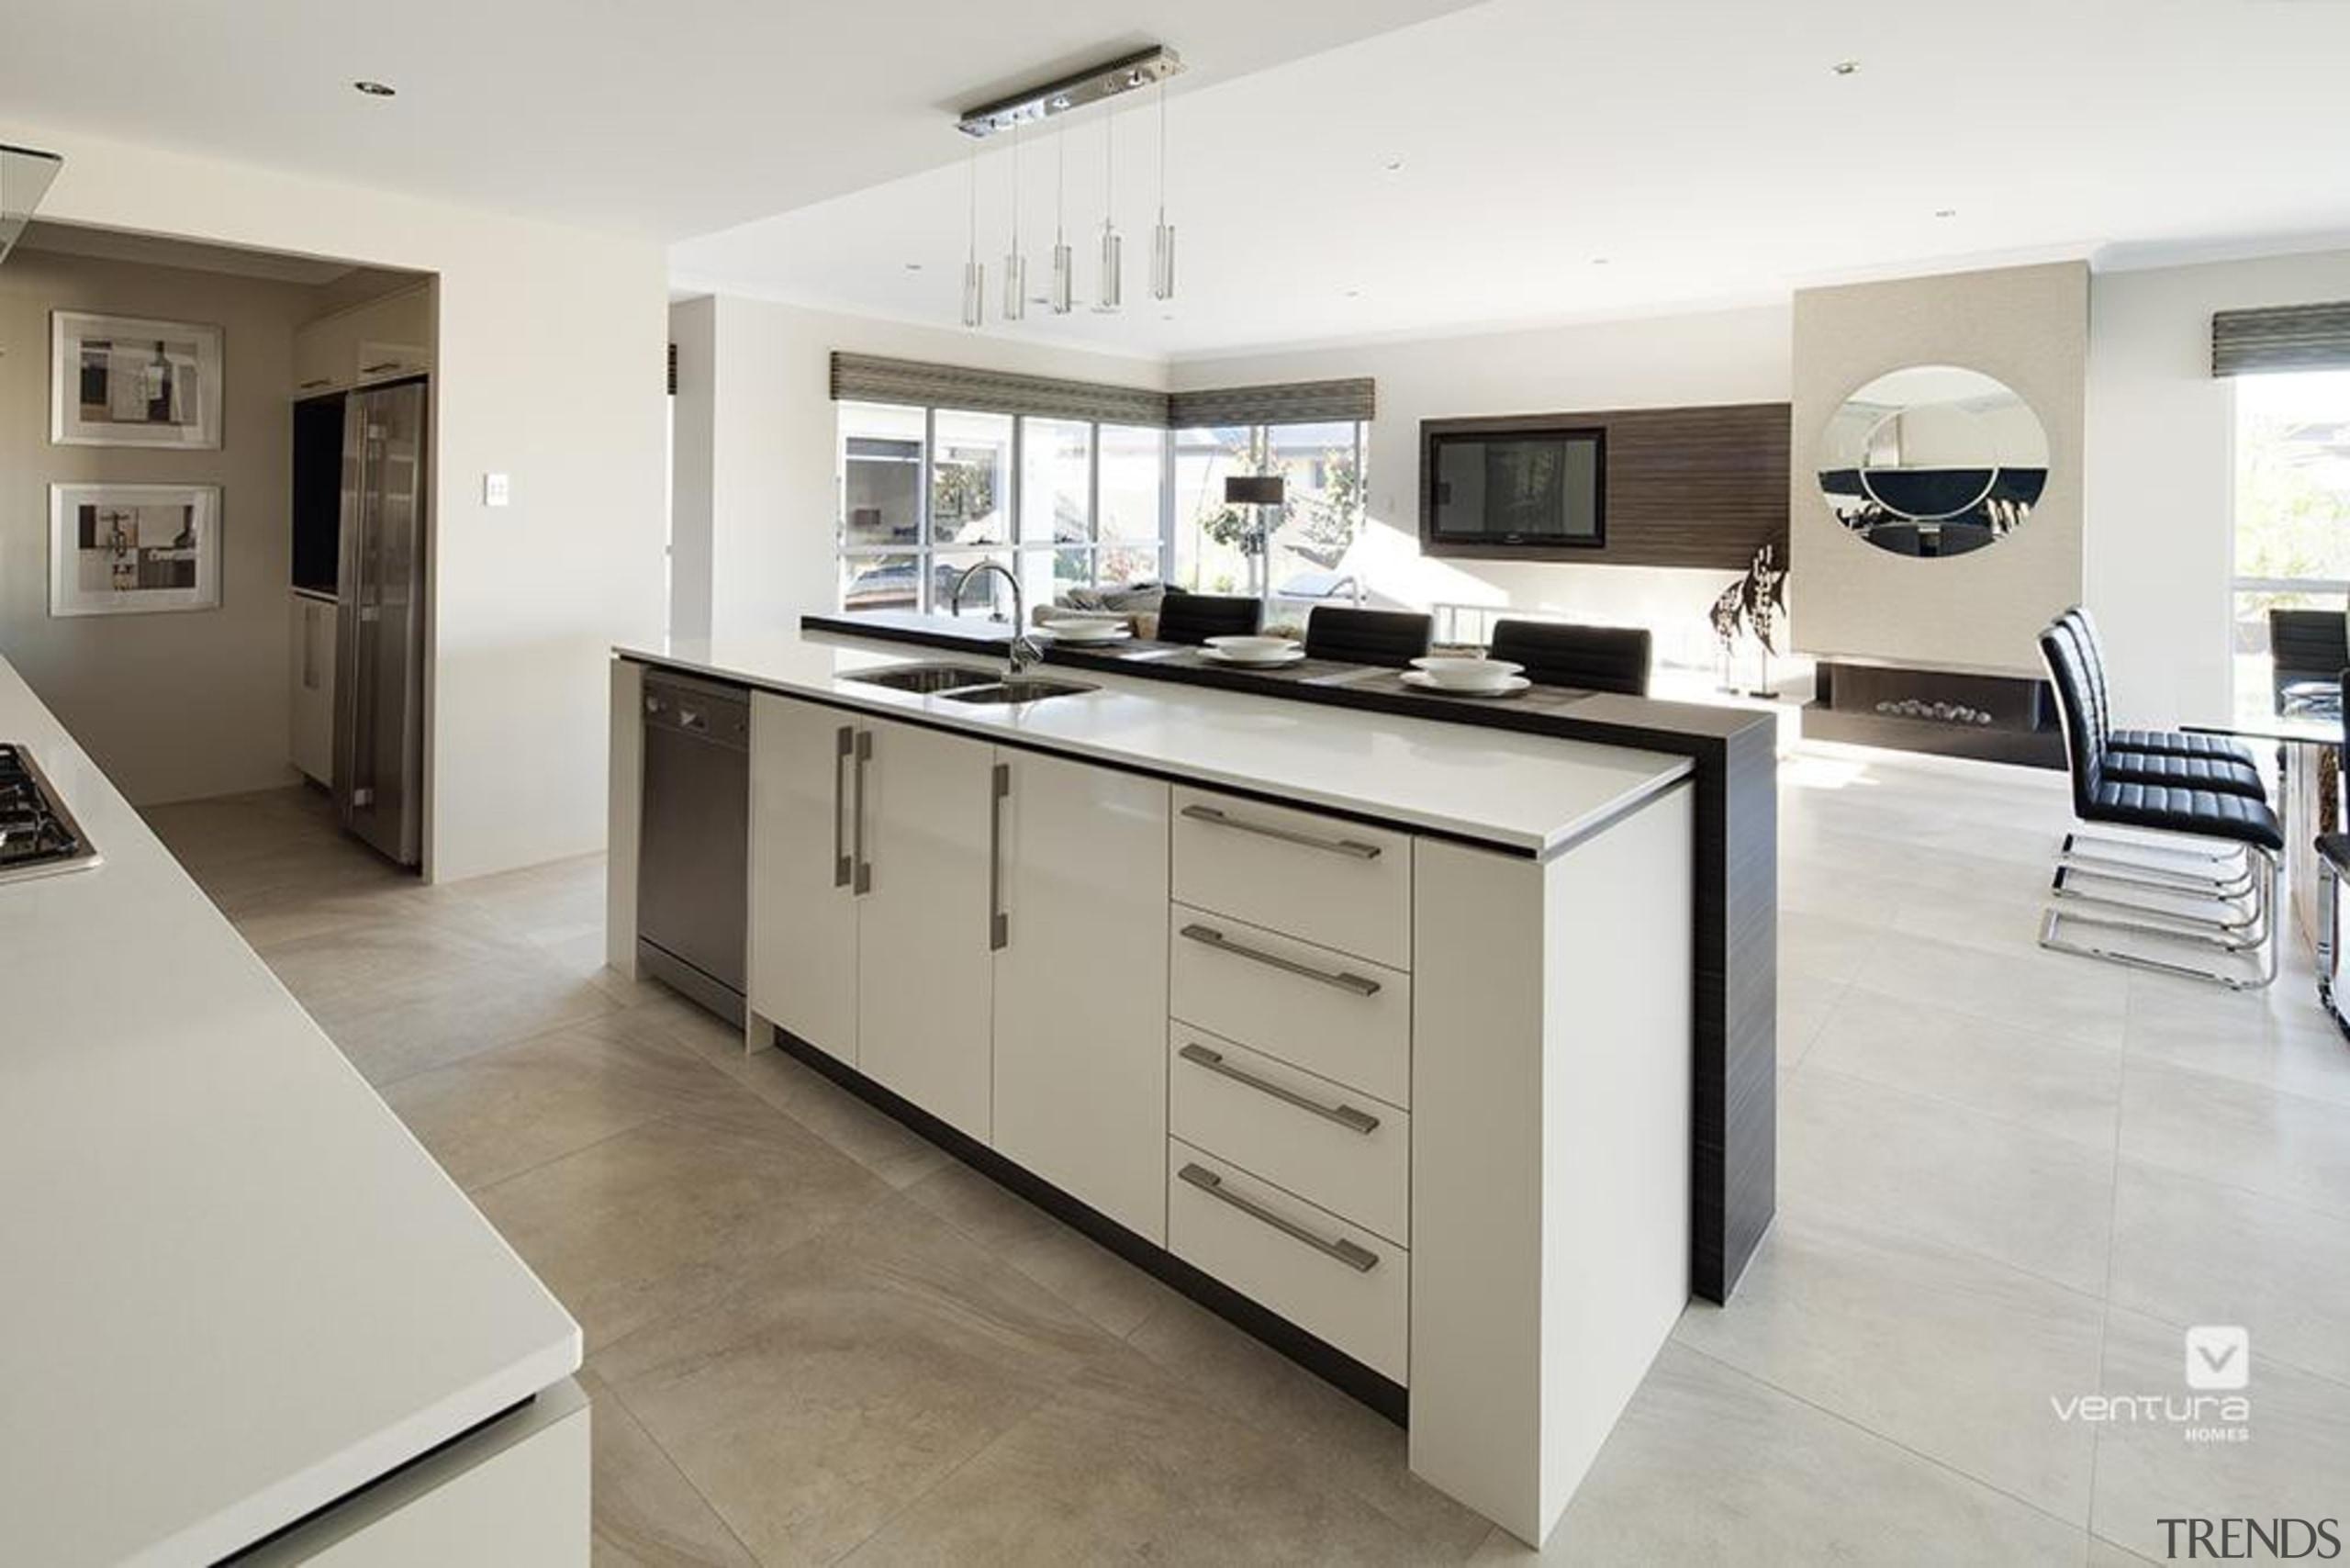 Kitchen design. - The Sentosa Display Home - cabinetry, countertop, cuisine classique, floor, interior design, kitchen, property, real estate, room, white
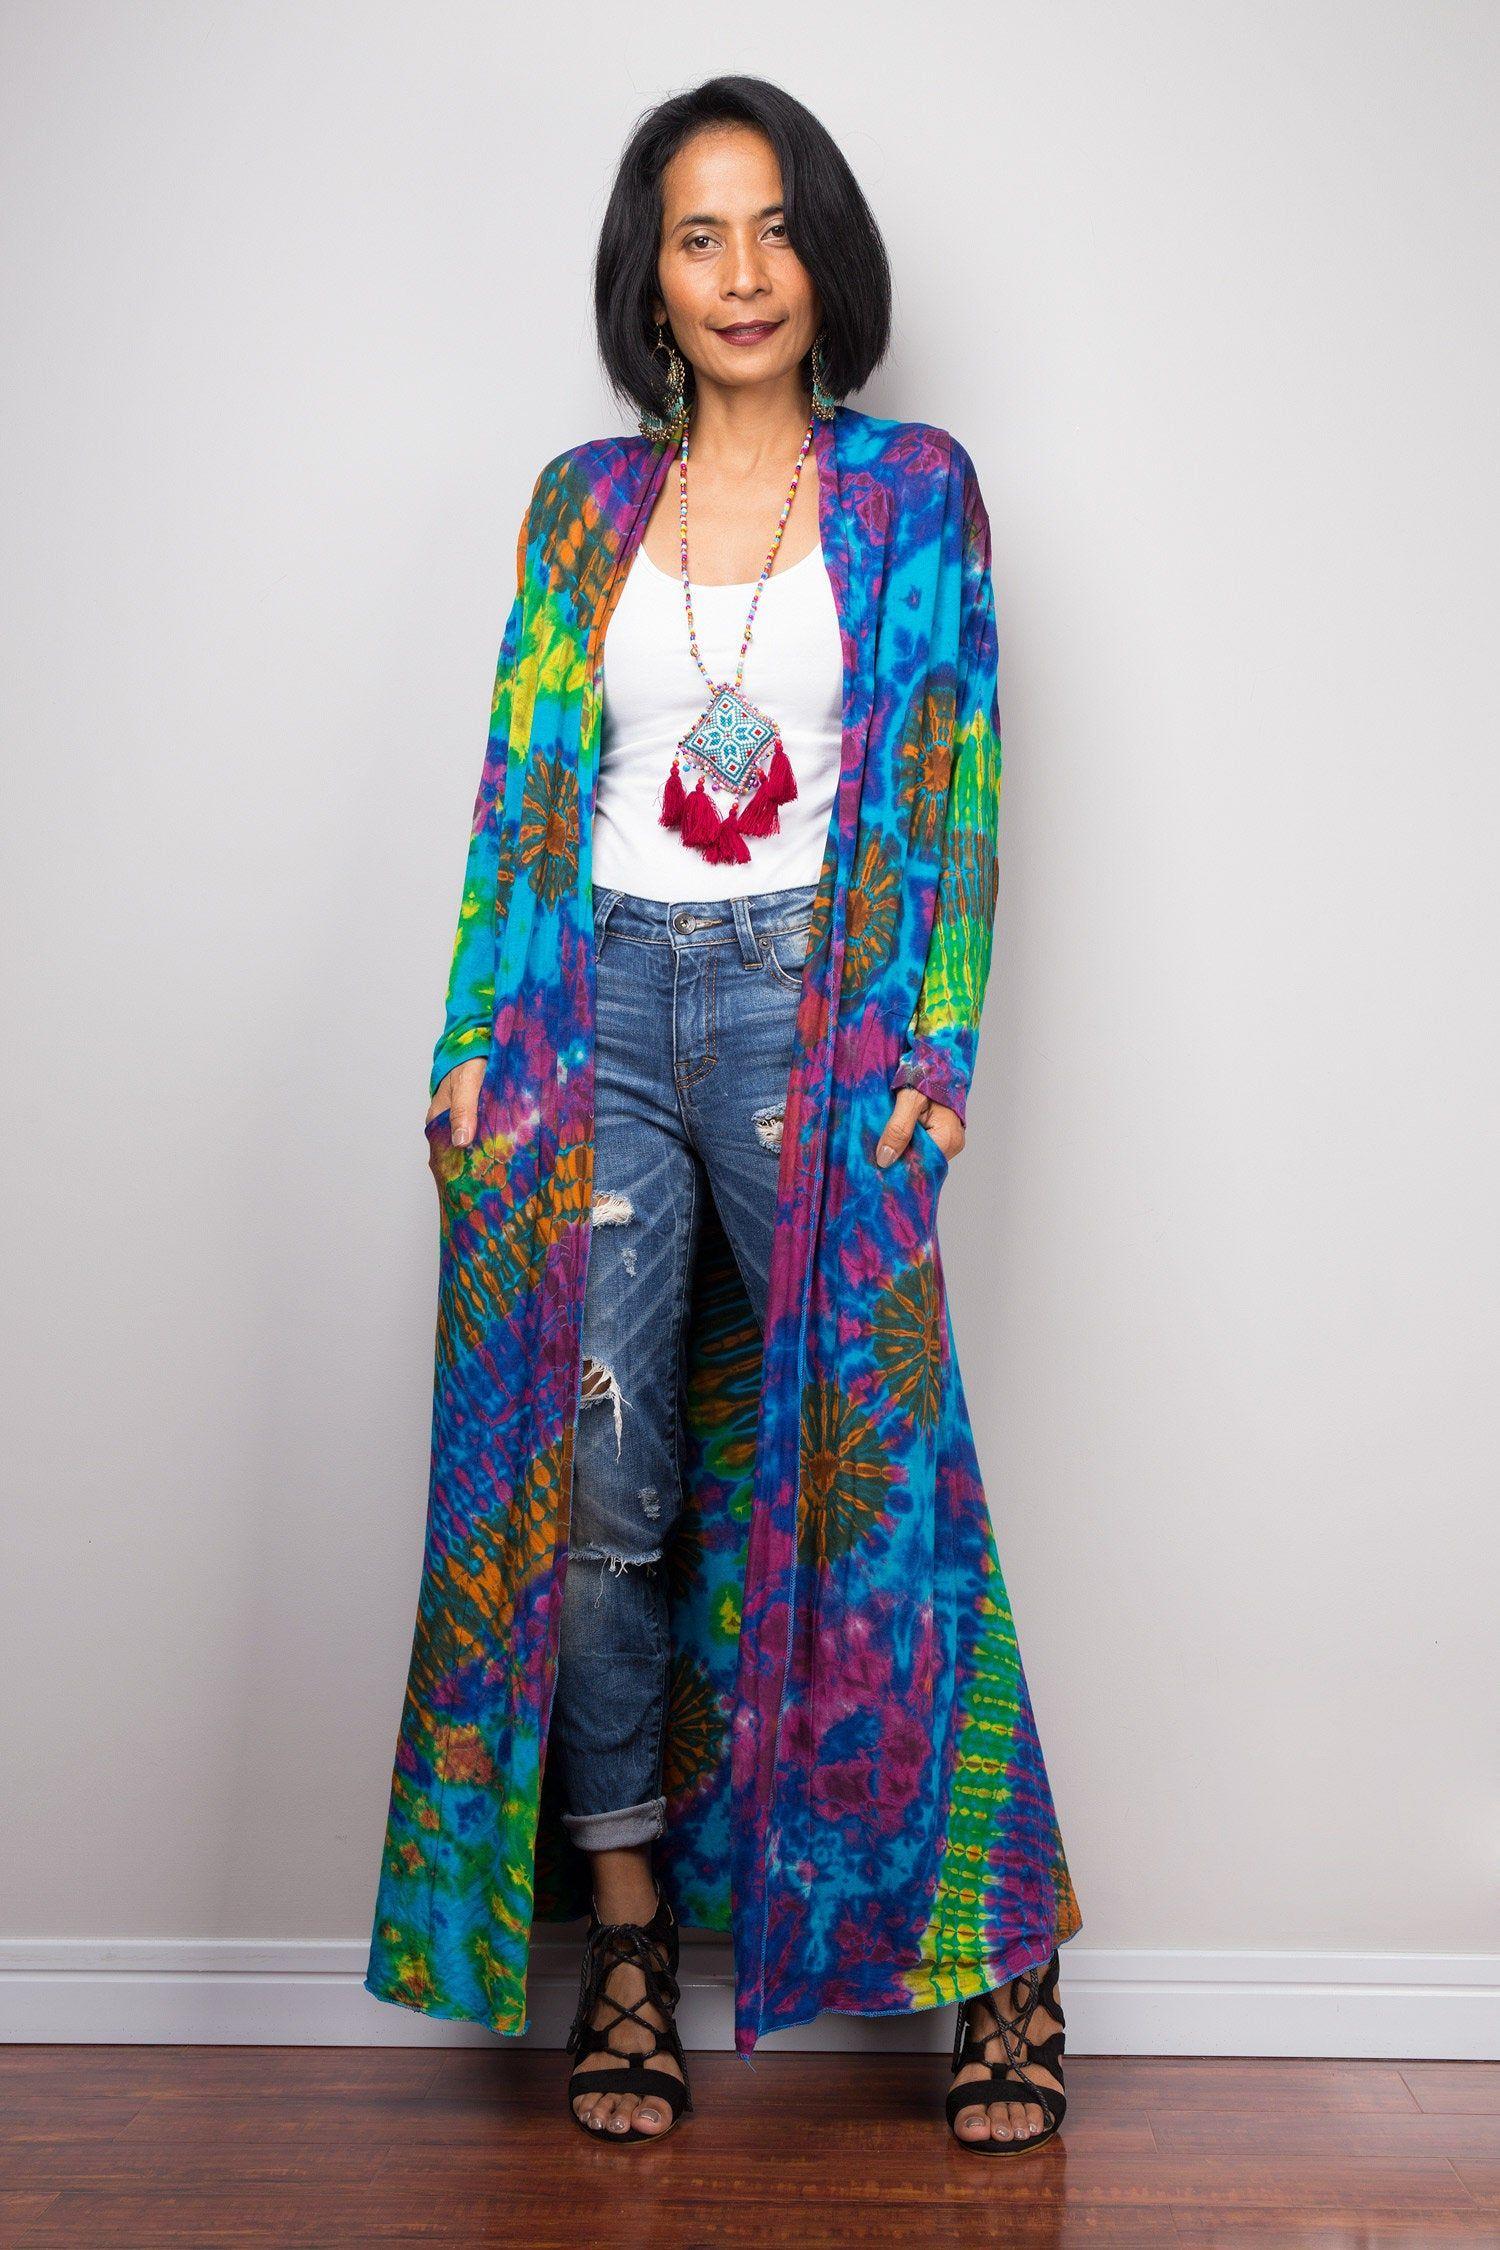 Hippie Rainbow Duster Vest with pockets Festival wear Tie dye robe Beach cover up Tie Dye Cardigan Kimono
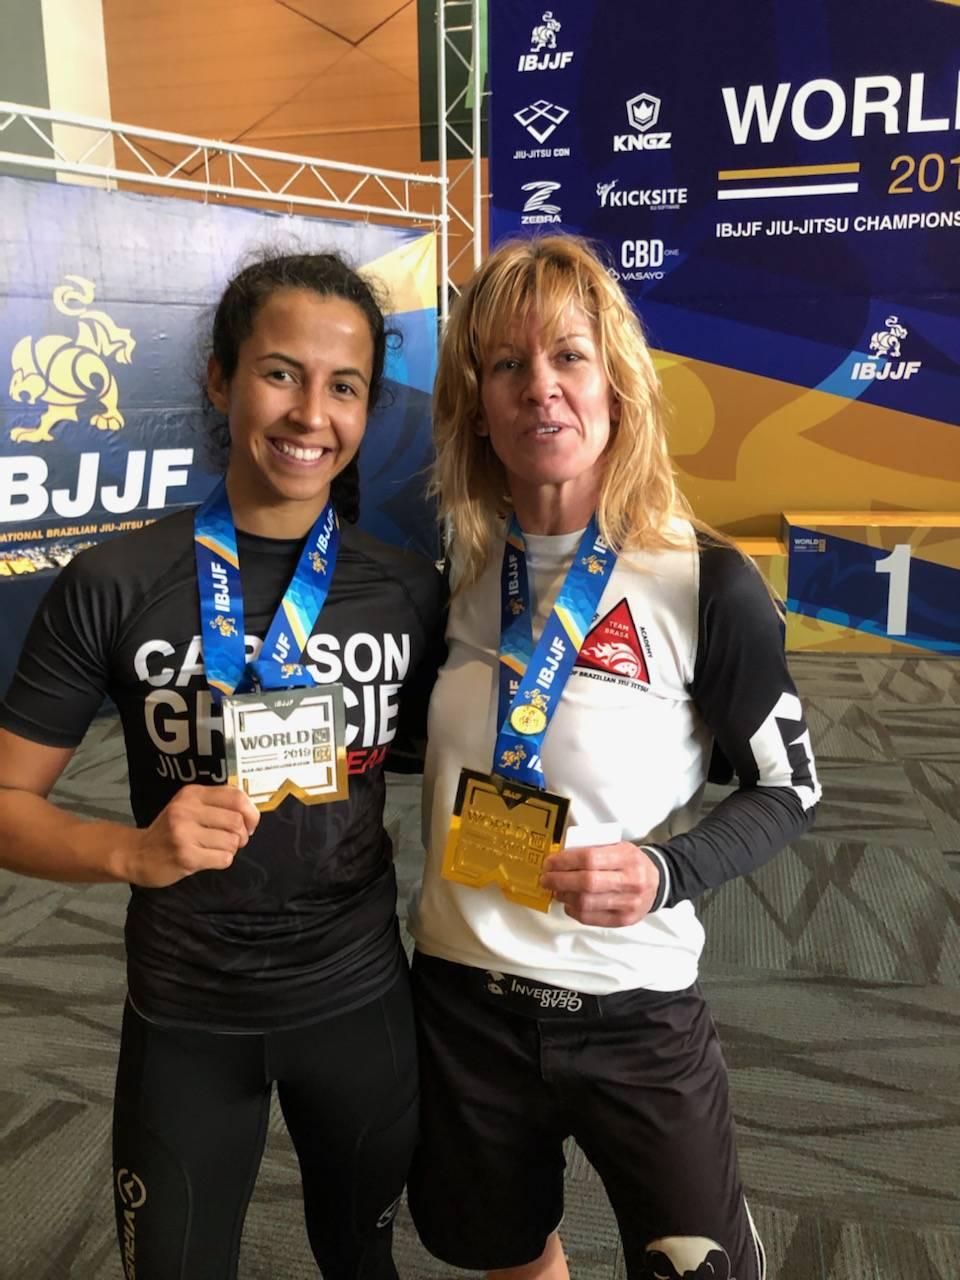 Claunch Academy of Brazilian Jiu-Jitsu - health  | Photo 3 of 4 | Address: 12233 Ranch Rd 620 N #109, Austin, TX 78750, USA | Phone: (512) 297-0529

WORK ORDER: Could you write out every line above exactly as it stands, with no images?

WRITTEN ANSWER:
 Kitchen design. - The Sentosa Display Home - cabinetry, countertop, cuisine classique, floor, interior design, kitchen, property, real estate, room, white
 Hippie Rainbow Duster Vest with pockets Festival wear Tie dye robe Beach cover up Tie Dye Cardigan Kimono
 Claunch Academy of Brazilian Jiu-Jitsu - health  | Photo 3 of 4 | Address: 12233 Ranch Rd 620 N #109, Austin, TX 78750, USA | Phone: (512) 297-0529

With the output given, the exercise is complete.